Number systems are the technique to represent numbers in the computer system architecture, every value that you are saving or getting into/from computer memory has a defined number system. A computer can understand only binary numbers (0 and 1).

- Binary Number System
- Decimal Number System
- Octal Number System
- Hexadecimal Number System

A Binary number system has only two digits that are 0 and 1. Every number (value) represents with 0 and 1 in this number system. The base of binary number system is 2, because it has only two digits.

Binary system was introduced by Gottfried wilhelm leibniz.
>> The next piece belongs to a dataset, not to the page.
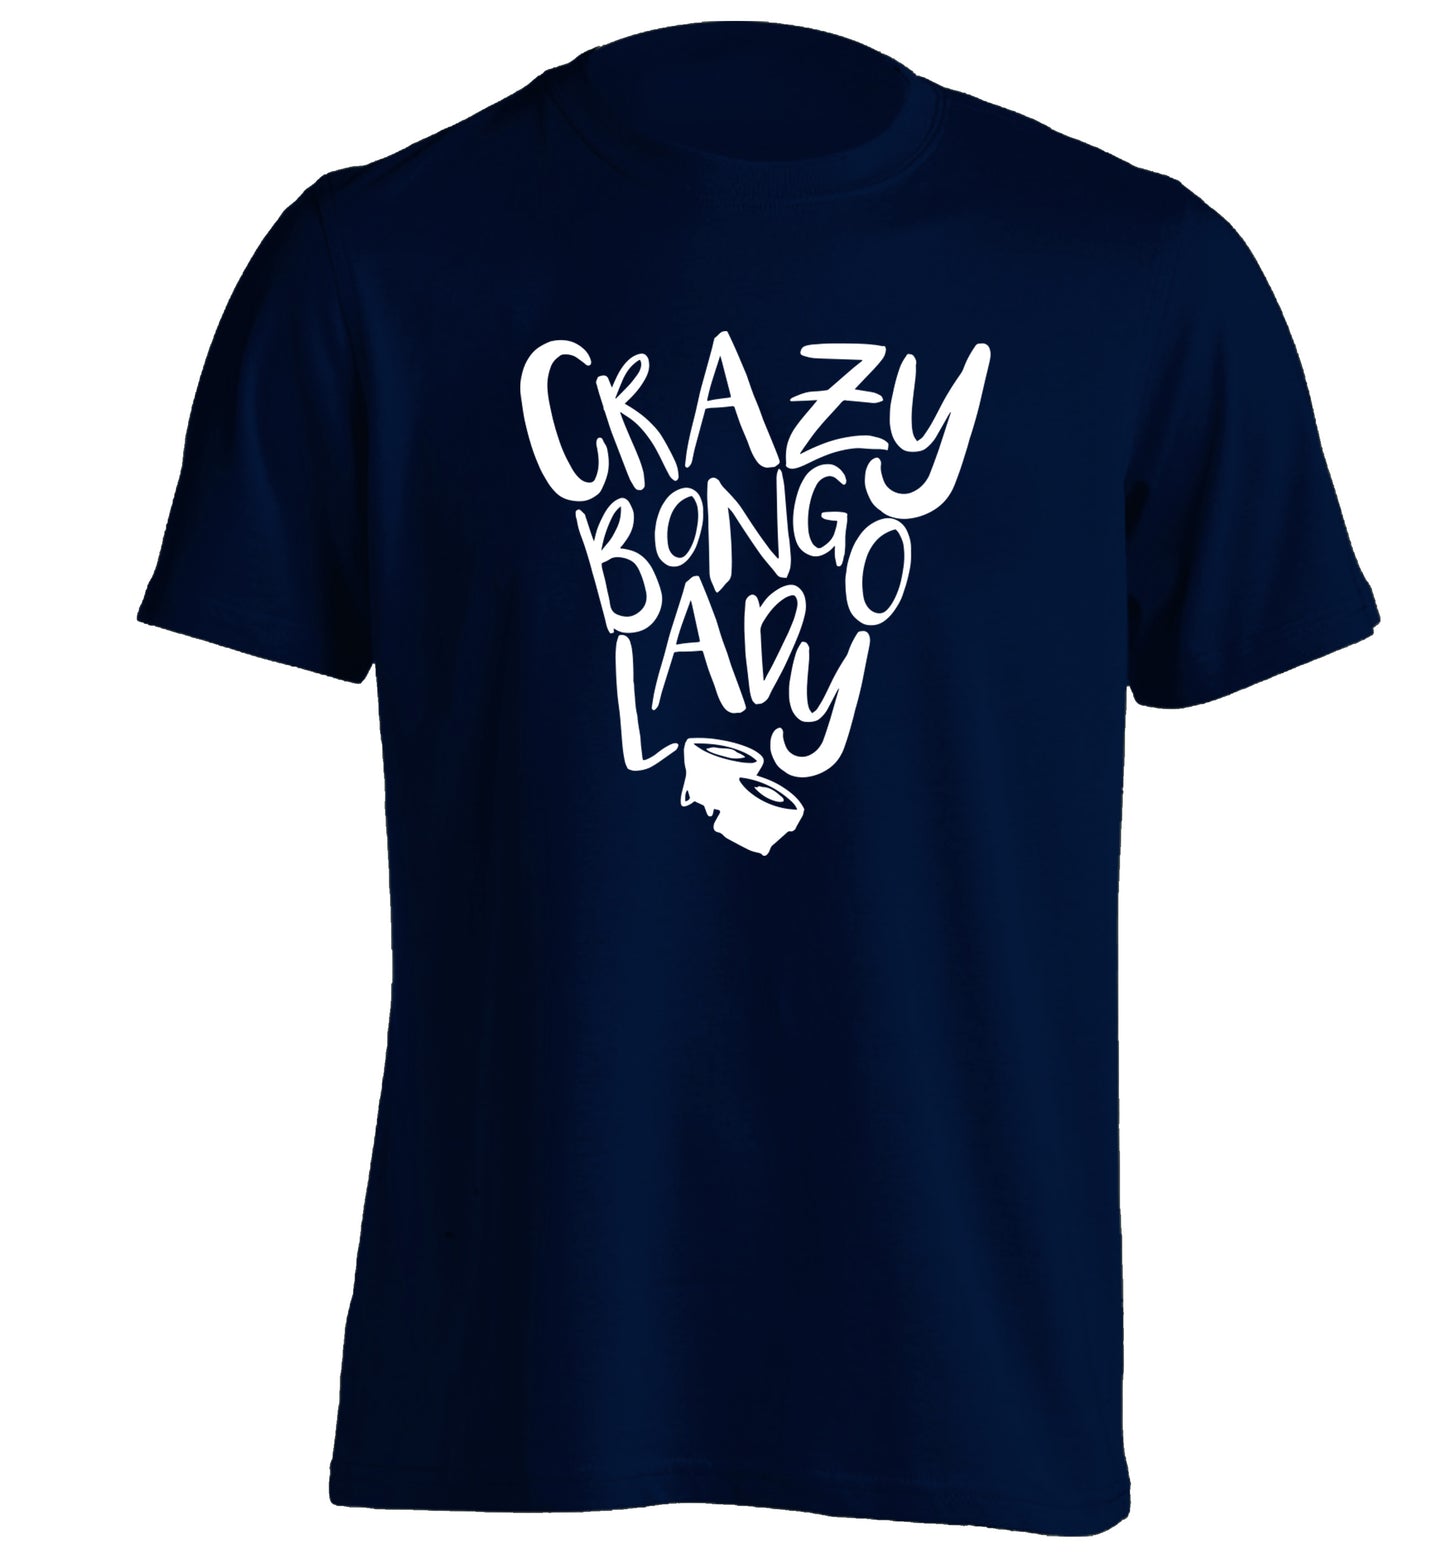 Crazy bongo lady adults unisex navy Tshirt 2XL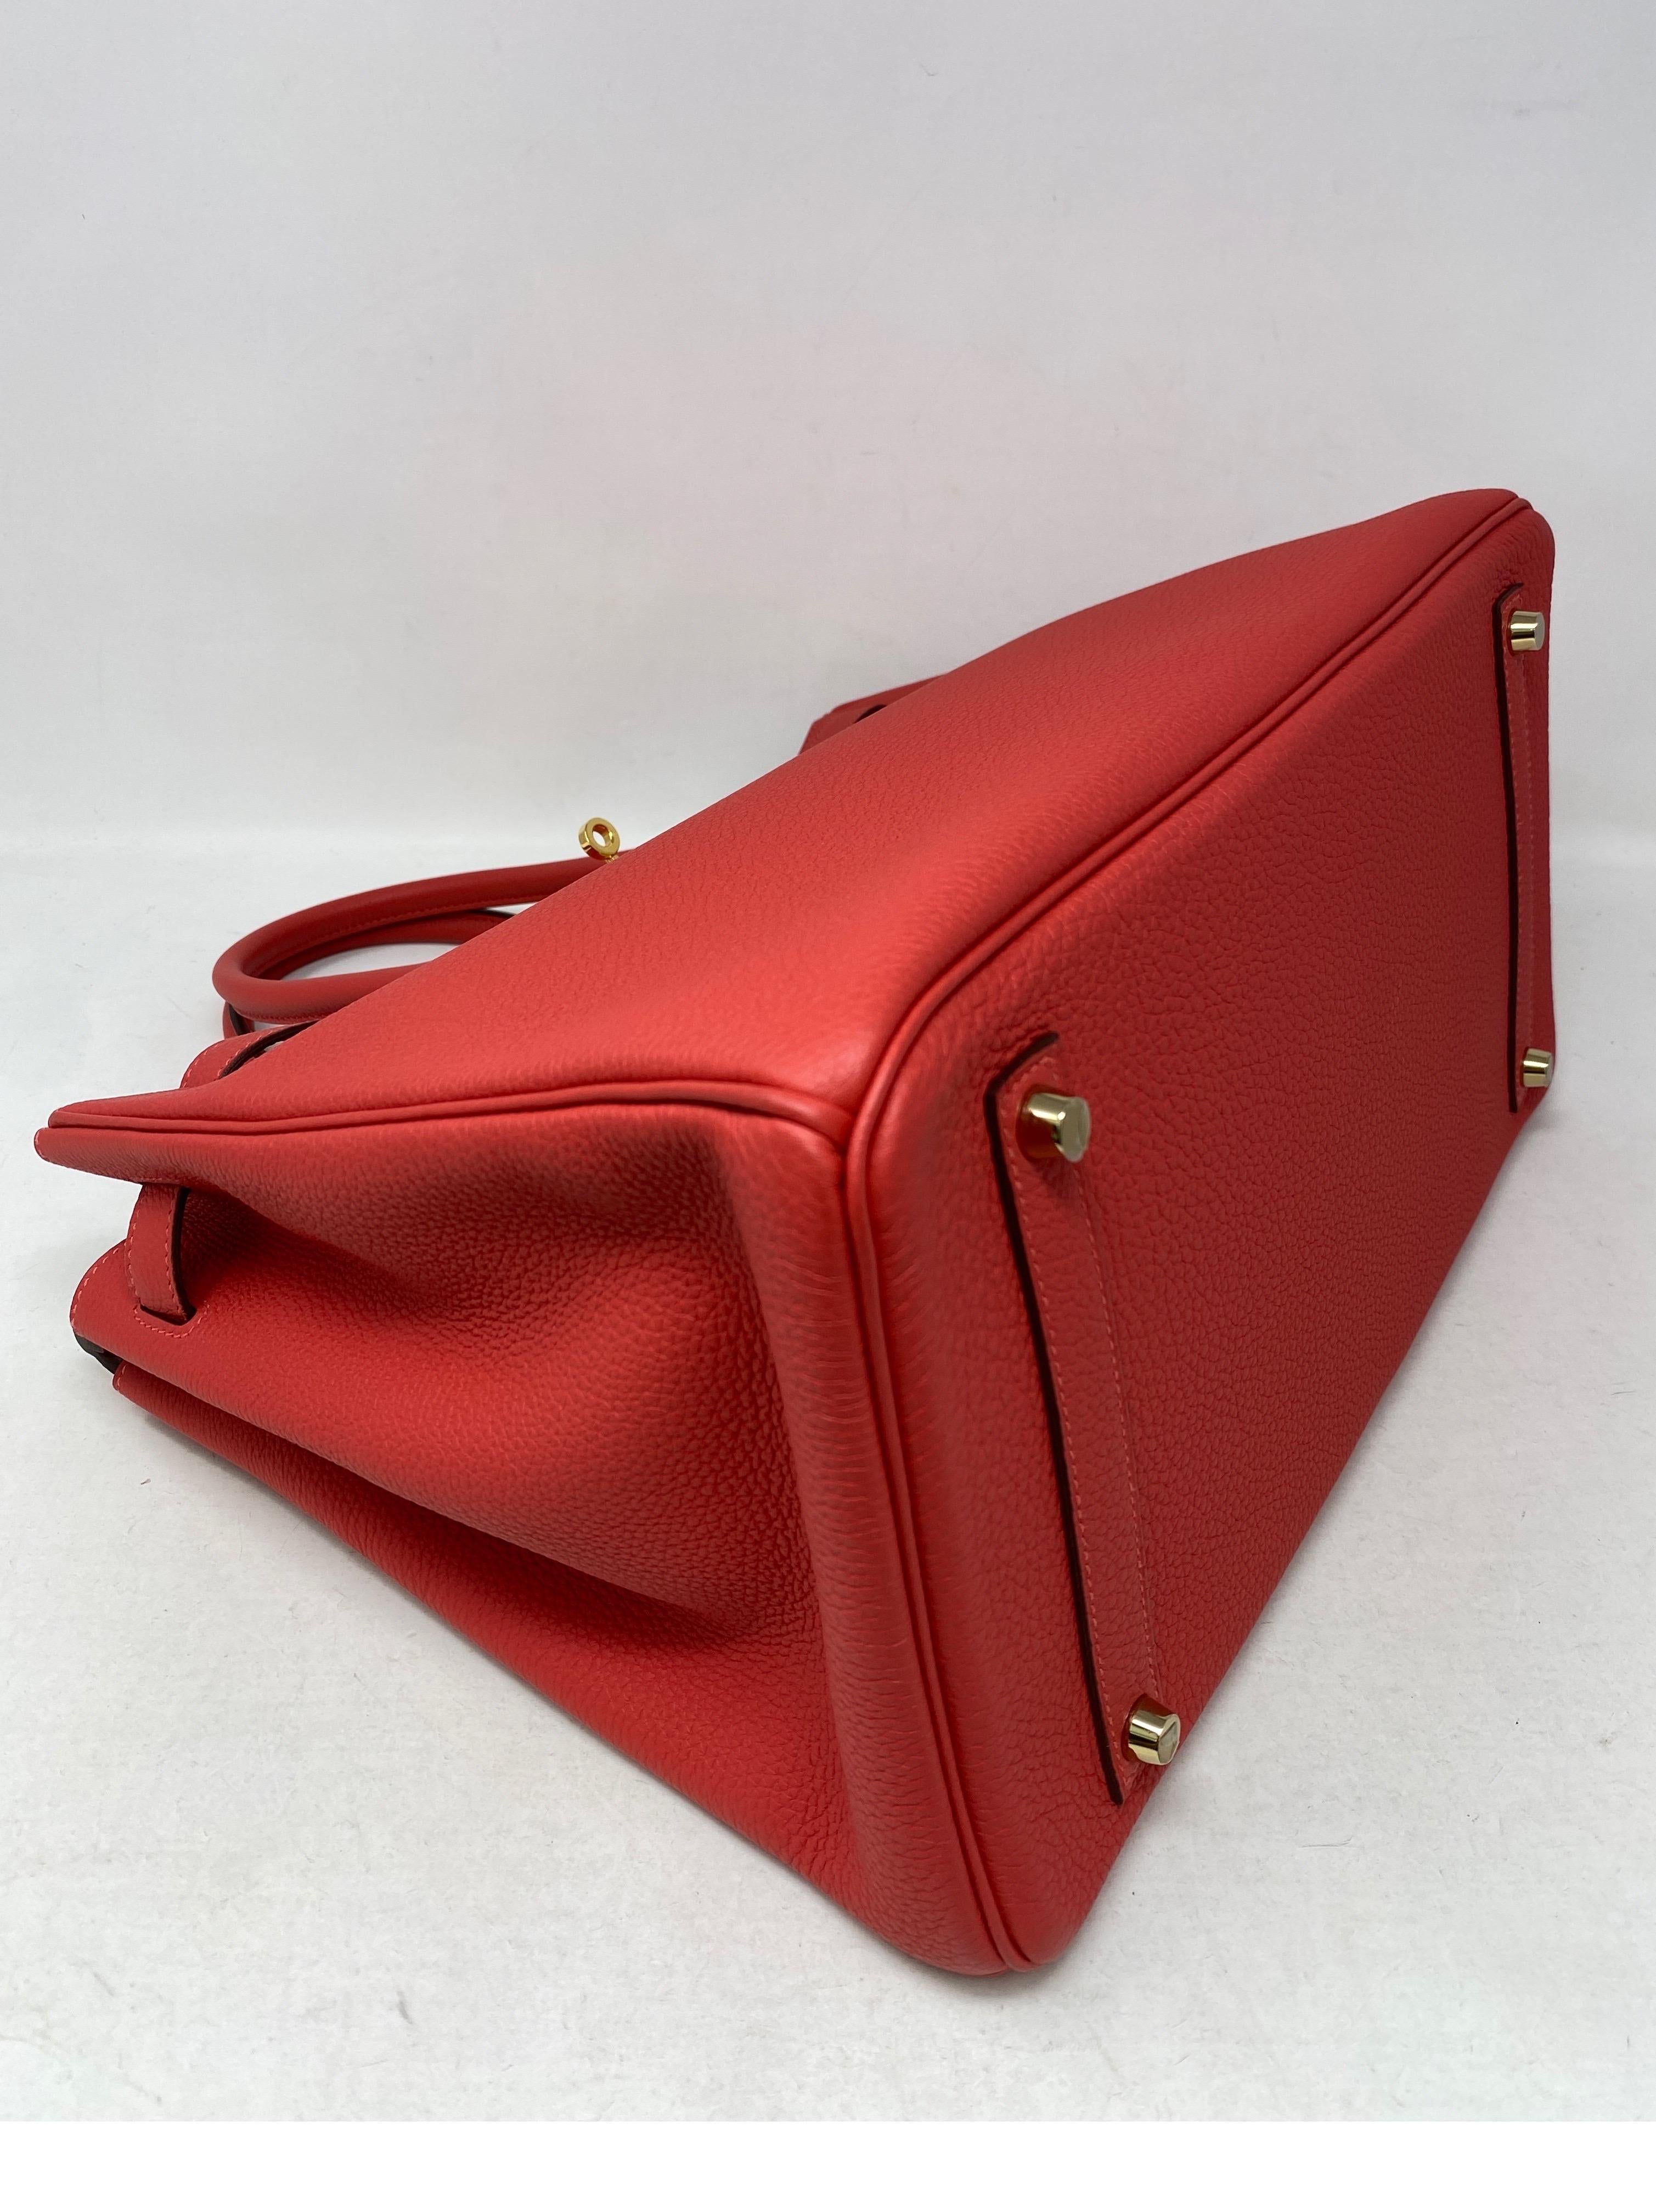 Hermes Birkin 35 Rouge Pivoine Bag 2

1 in binary system is represented as 0001

3 in binary system is represented as 0011

\((1001)_{2}\) = \(1 * 2^3\) + \(0 * 2^2\) + \(0 * 2^1\) + \(1 * 2^0\)

i.e.8 + 0 + 0 + 1 = 9

One bit is 0 or 1, 4 bits are equal to one nibble and 8 bits is known as one Byte. A single “word” may consist 16 or 32 bits in size. Floating point arithmetic is used to represent real numbers, fractions and large numbers.

Name | Size |
---|---|

1 bit | Single digit 0 or 1 |

1 nibble | 4 bits |

1 byte | 8 bits |

1 Kilobyte(KB) | 1024 Bytes |

1 Megabyte(MB) | 1024 KB |

1 Gigabyte(GB) | 1,024 MB |

1 Terabyte(TB) | 1,024 GB |

1 Petabyte (PB) | 1,024 TB |

1 Exabyte (EB) | 1,024 PB |

**Decimal Number System**

Decimal Number System is a general number system that consists ten digits from 0 to 9. Any numeric value can be represented by using these numbers. It is also called as base-10 or positional number system.

**Example**:

\(3 * 10^2\) + \(5 * 10^1\) + \(6 * 2^0\) = \((356)_{10}\)

**Octal Number System**

Octal Number system is also known as Base 8 system and consists 8 digits from 0 to 7. It is represented in the power of 8. It is a shorter number System.

**Example**:

\((21)_{8}\) = \(2 * 8^1\) + \(1 * 8^0\) = 16 + 1 = 17

**Representation of Octal Numbers in Binary**:

Octal | Binary Digits |
---|---|

0 | 000 |

1 | 001 |

2 | 010 |

3 | 011 |

4 | 100 |

5 | 101 |

6 | 110 |

7 | 111 |

**Hexadecimal Number System**

It is a shorthand method of working with binary numbers. It is also called as a base -16 system or Hex. This system consists of 16 digits from 0 to 9 and A to F. A denotes 10, B denotes 11, C denotes 12, D denotes 13, E denotes 14 and f denote 15. It is represented in the power of 16.

**Example**:

\((21)_{16}\) = 21H = \(2 * 16^1\) + \(1 * 16^0\) = 2 × 16 + 1 = 33

**Representation of Hexadecimal Number**:

Octal | Hexadecimal | Binary Digits |
---|---|---|

0 | 0 | 0000 |

1 | 1 | 0001 |

2 | 2 | 0010 |

3 | 3 | 0011 |

4 | 4 | 0100 |

5 | 5 | 0101 |

6 | 6 | 0110 |

7 | 7 | 0111 |

8 | 8 | 1000 |

9 | 9 | 1001 |

10 | A | 1010 |

11 | B | 1011 |

12 | C | 1100 |

13 | D | 1101 |

14 | E | 1110 |

15 | F | 1111 |

1. Divide the given decimal number by 2.

2. The remainder should be 0 or 1, note the quotient and remainder.

3. If the quotient is not 0, then again divide by 2 until the quotient=0 and then stop the process.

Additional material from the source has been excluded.